## [Supplied data]
★ ★ ★ ★
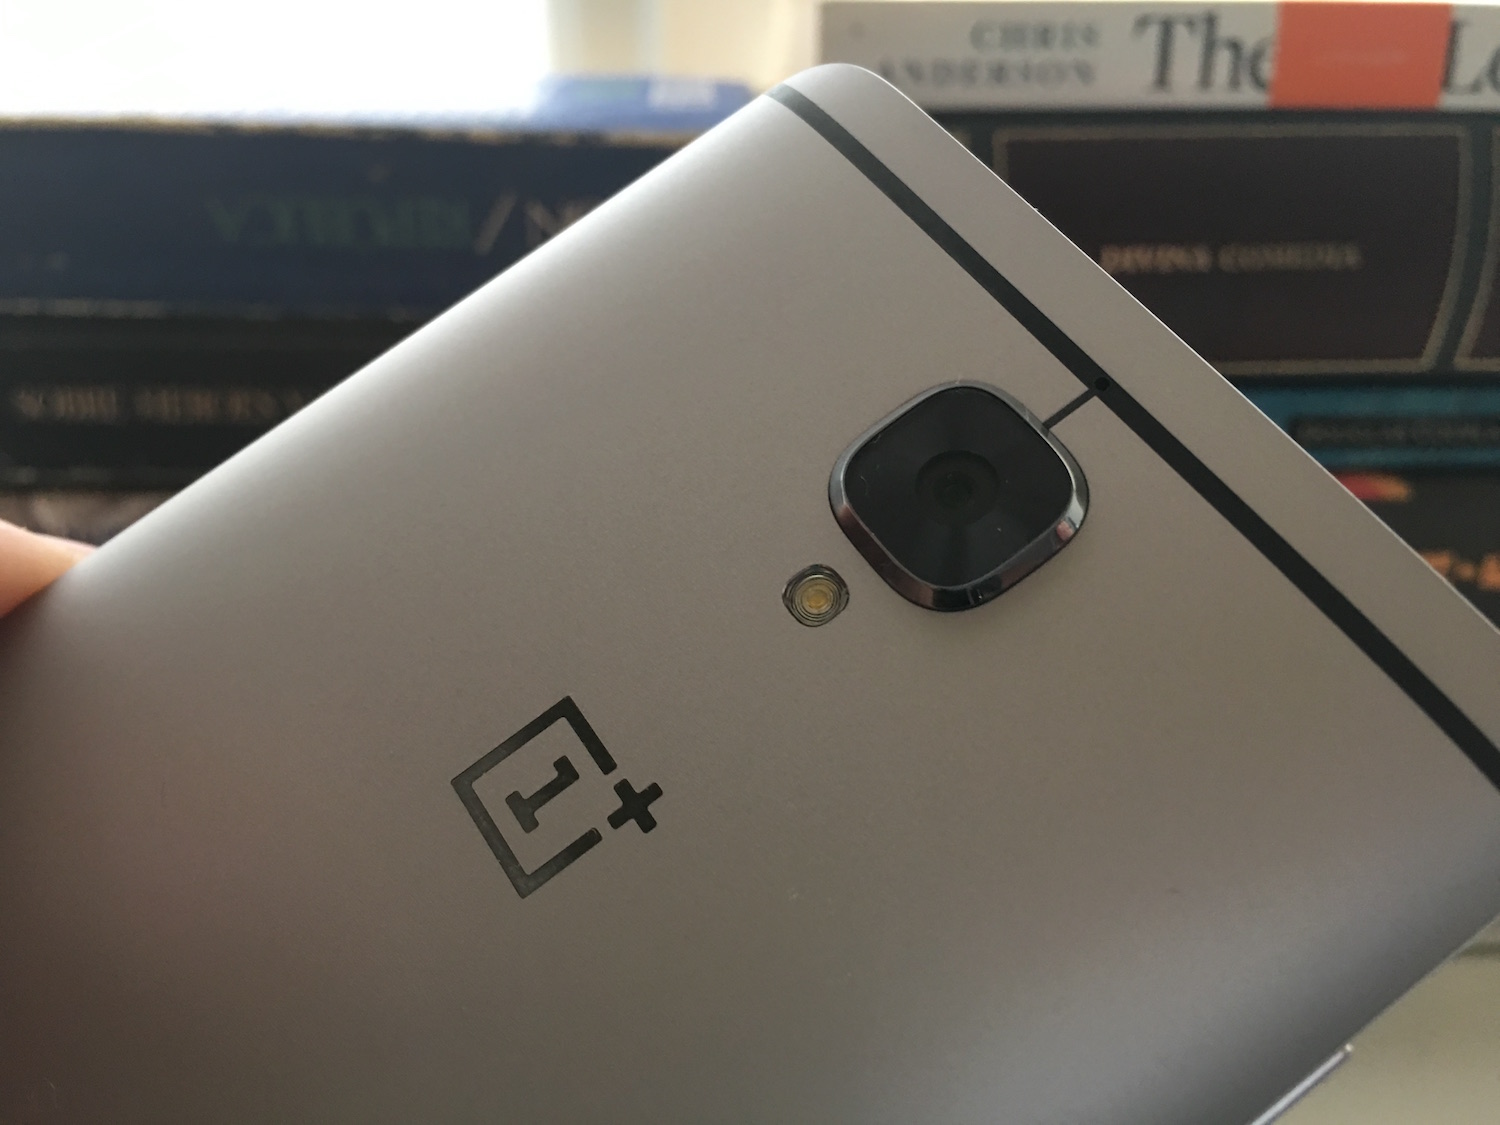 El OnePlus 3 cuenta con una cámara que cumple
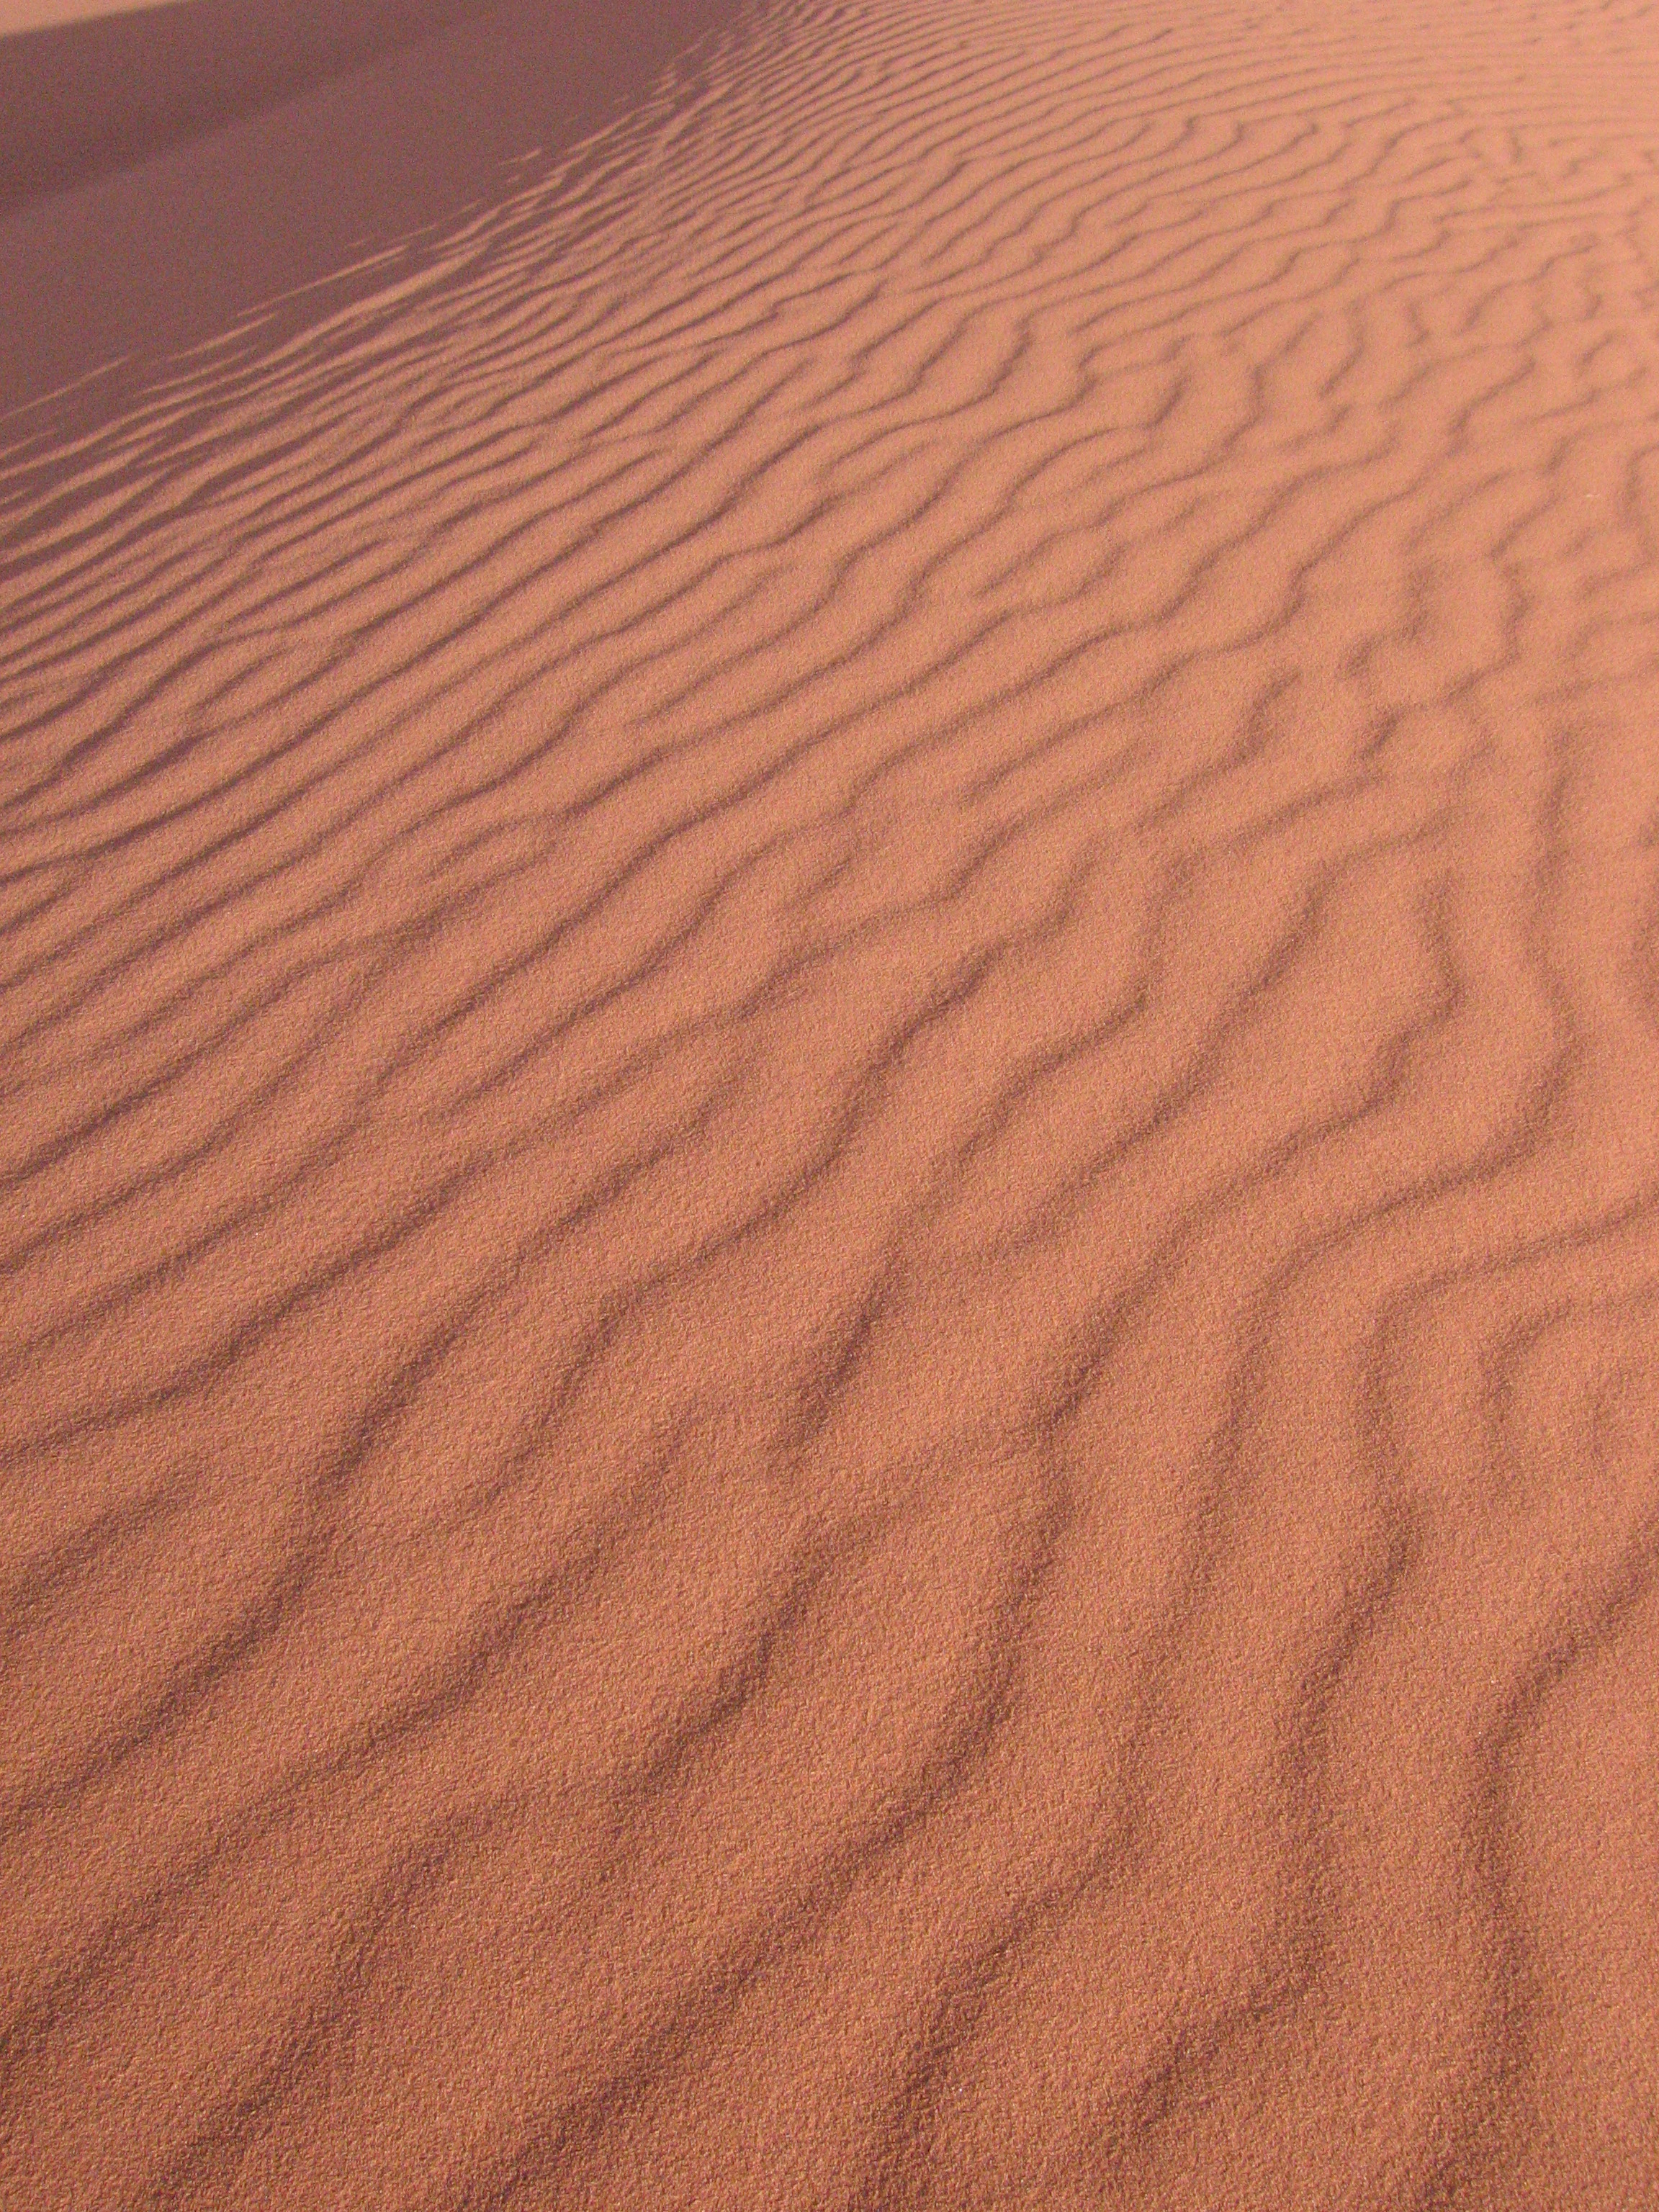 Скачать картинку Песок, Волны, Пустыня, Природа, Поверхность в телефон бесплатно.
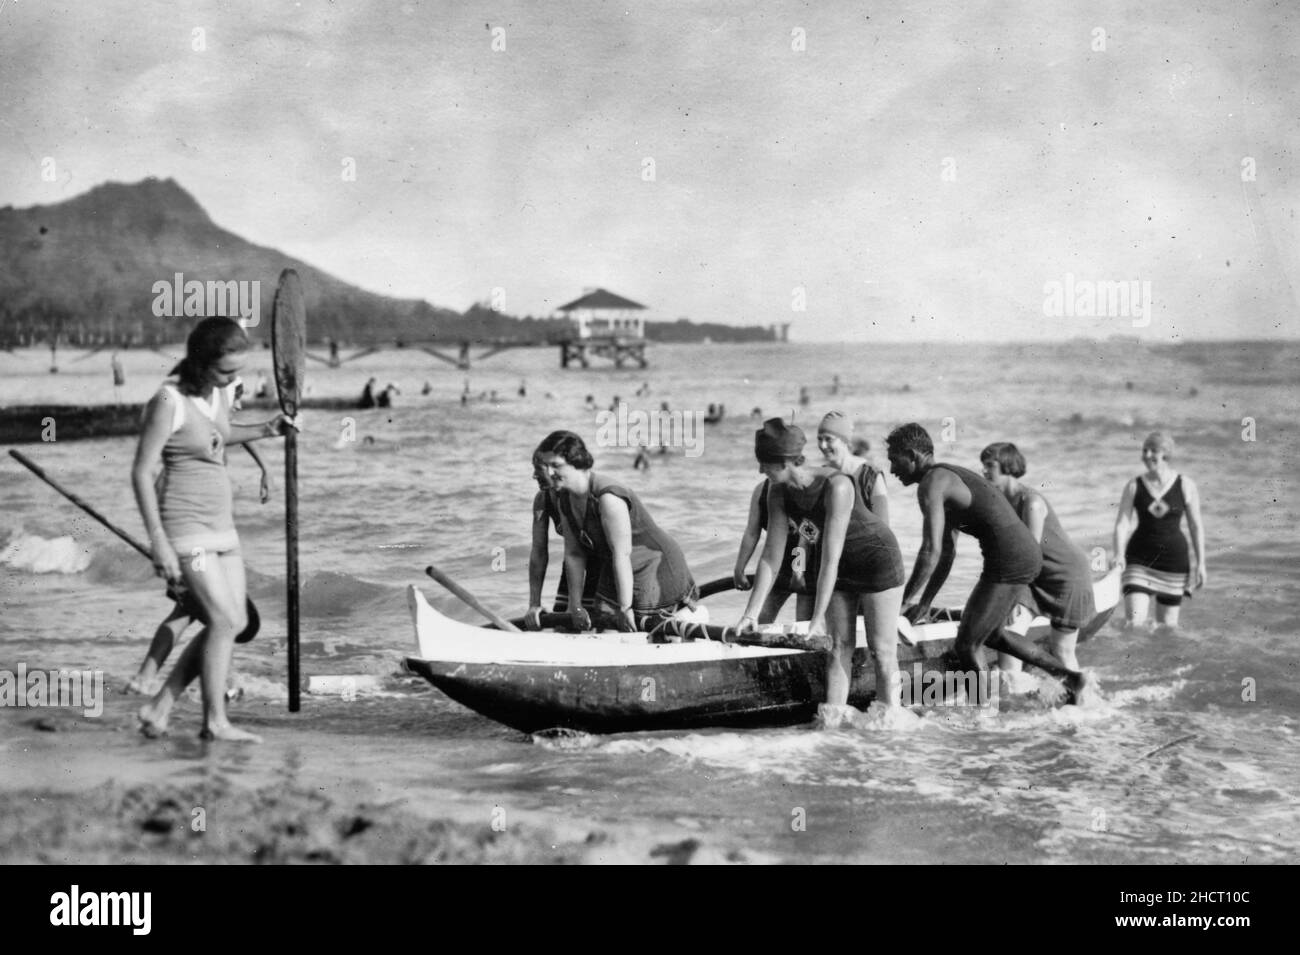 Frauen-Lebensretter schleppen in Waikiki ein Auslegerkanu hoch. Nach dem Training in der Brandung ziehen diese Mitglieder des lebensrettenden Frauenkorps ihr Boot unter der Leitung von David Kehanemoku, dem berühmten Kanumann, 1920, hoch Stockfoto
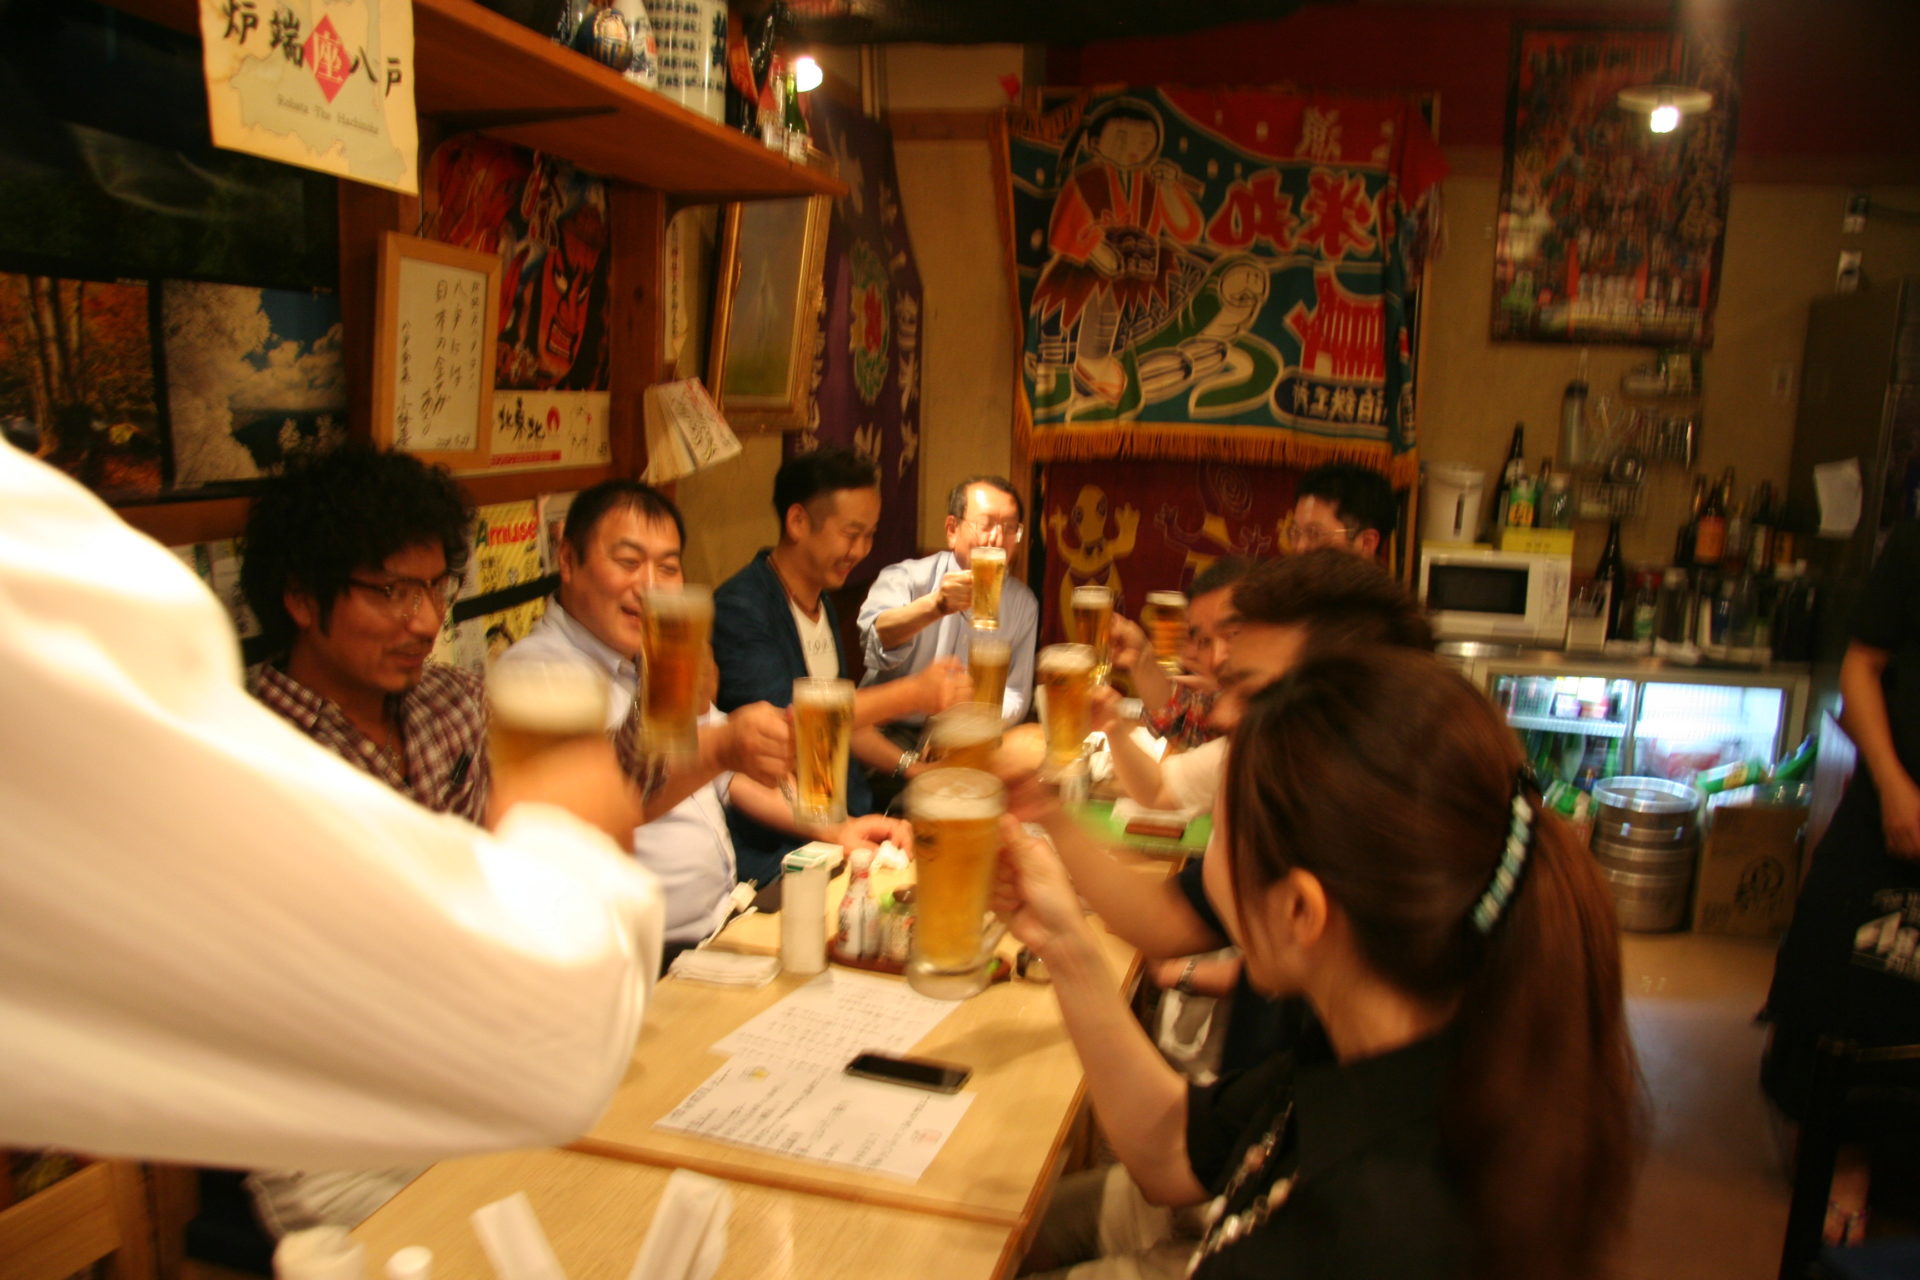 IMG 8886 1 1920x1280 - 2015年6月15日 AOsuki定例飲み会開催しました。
★ ★ ★ ★
## [Instructions to follow]
For this exercise, transcribe the data above line by line, exactly, with pictures omitted.

## [Output below]
 El OnePlus 3 cuenta con una cámara que cumple
 Скачать картинку Песок, Волны, Пустыня, Природа, Поверхность в телефон бесплатно.
 Frauen-Lebensretter schleppen in Waikiki ein Auslegerkanu hoch. Nach dem Training in der Brandung ziehen diese Mitglieder des lebensrettenden Frauenkorps ihr Boot unter der Leitung von David Kehanemoku, dem berühmten Kanumann, 1920, hoch Stockfoto
 IMG 8886 1 1920x1280 - 2015年6月15日 AOsuki定例飲み会開催しました。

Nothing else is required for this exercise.